DIFM customers just won’t purchase this common underhood part.
Can we please update the Check Engine light?
If you have a cell phone in your pocket, your “phone” app probably has an icon that looks like an old-timey handset, like you’d find on a corded phone. That icon, of course, works best for those who understand that link. However, more often I am seeing an icon which much more accurately represents the appearance of a modern phone.
The new version works because there are recognizable elements: a screen, a speaker, and a home button. And it’s certainly not alone; the “save” icon is still usually a three-and-a-half inch floppy disk. Now, this is an automotive blog, so let me get to the meat an’ potatoes here: if you take a look at the standard “Check Engine” icon, the included elements aren’t elements of a modern vehicle any longer. Here, take a peek:
Let’s parse this thing out. OK, we see an engine block. So far, so good. Do drivers today have any idea what a block on its own looks like? This appears to be a conventional engine in which the crank runs longitudinal with the vehicle centerline and is likely to be in a rear-wheel drive vehicle, which is becoming a bit of a dodo-bird itself.

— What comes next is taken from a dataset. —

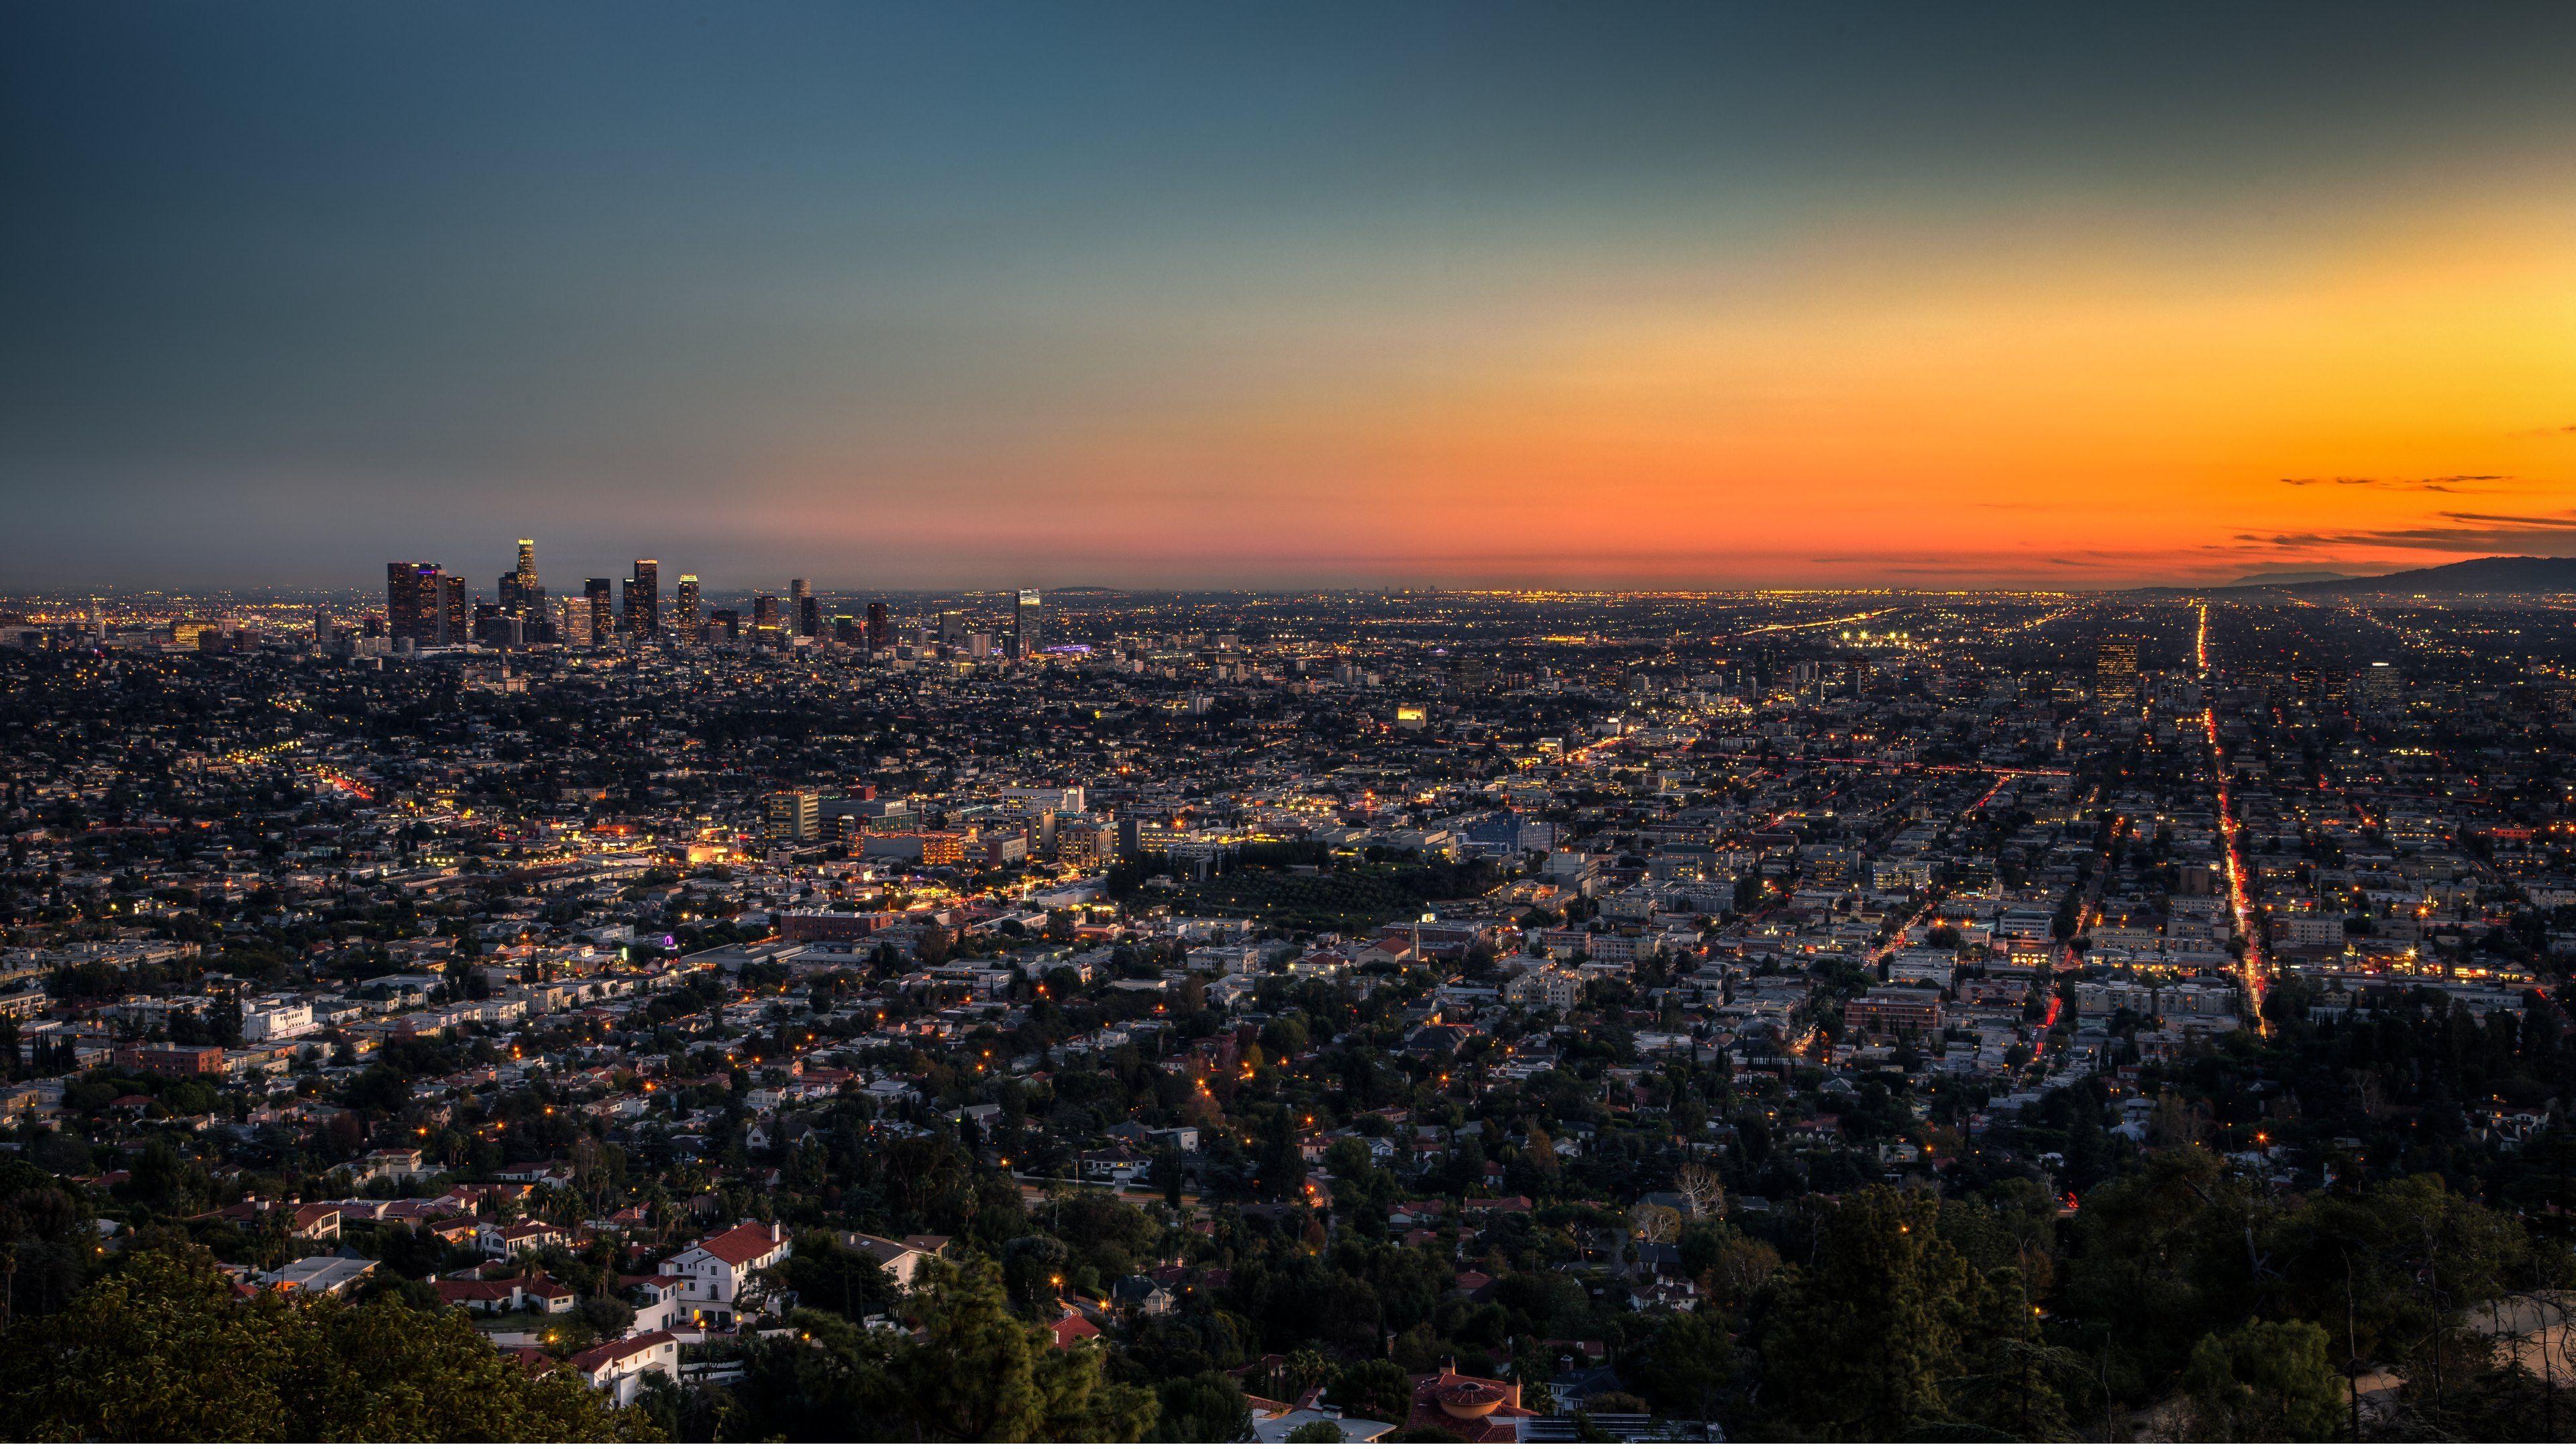 Los Angeles Wallpaper 4k , HD Wallpaper & Backgrounds

Starting at the front of this theoretical engine, I see what I presume is a mechanical cooling fan…which is also increasingly becoming an anachronism. Moving up top we see what must be a ring-style air cleaner sitting atop what is likely to be a carb or maybe a throttle body. Honestly, when was the last time you took a wing nut off an air cleaner lid? And then at the rear of this engine, I have to assume I’m seeing a flywheel attached, since normally a torque converter would stay with the transmission. I guess this theoretical engine is backed up by gears you’d need to shift yourself. The manual trans, too, is pulling a disappearing act in America. (Don’t get me started; that’s a different article.) So the three elements that make this thing reminiscent of an engine are by and large no longer found on engines.

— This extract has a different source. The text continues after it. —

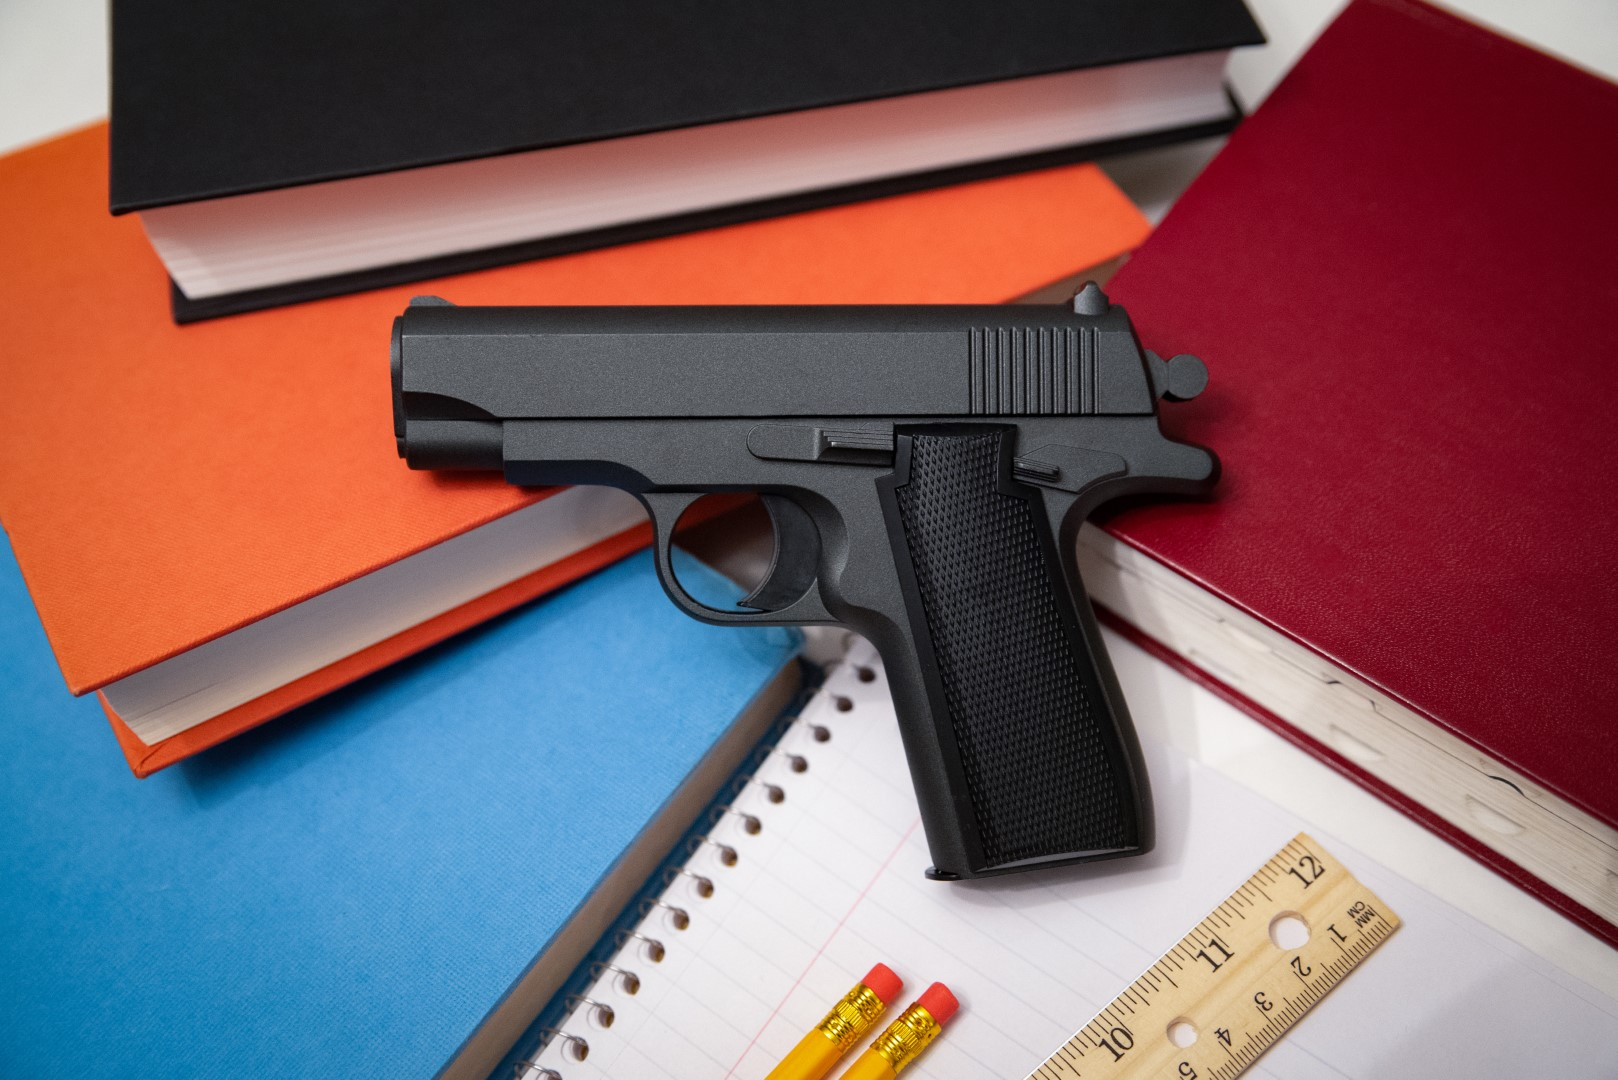 School Supplies and Handgun

So I think it would be fair to say this icon is in need of an overhaul. I’m not sure what it should be instead. Maybe the outline of a wrench? Or how about just an exclamation point in a triangle? A car on the back of a wrecker? (Scratch that. The “typical” silhouette would be a hook-and-chain style tow truck, which is largely useless in this age of plastic bumpers.) Maybe it should just say, “emissions,” since that’s really the system the MIL is drawing attention to.
The best idea is probably one I haven’t thought of. I think, though, it is time we retire the Check Engine light as we know it.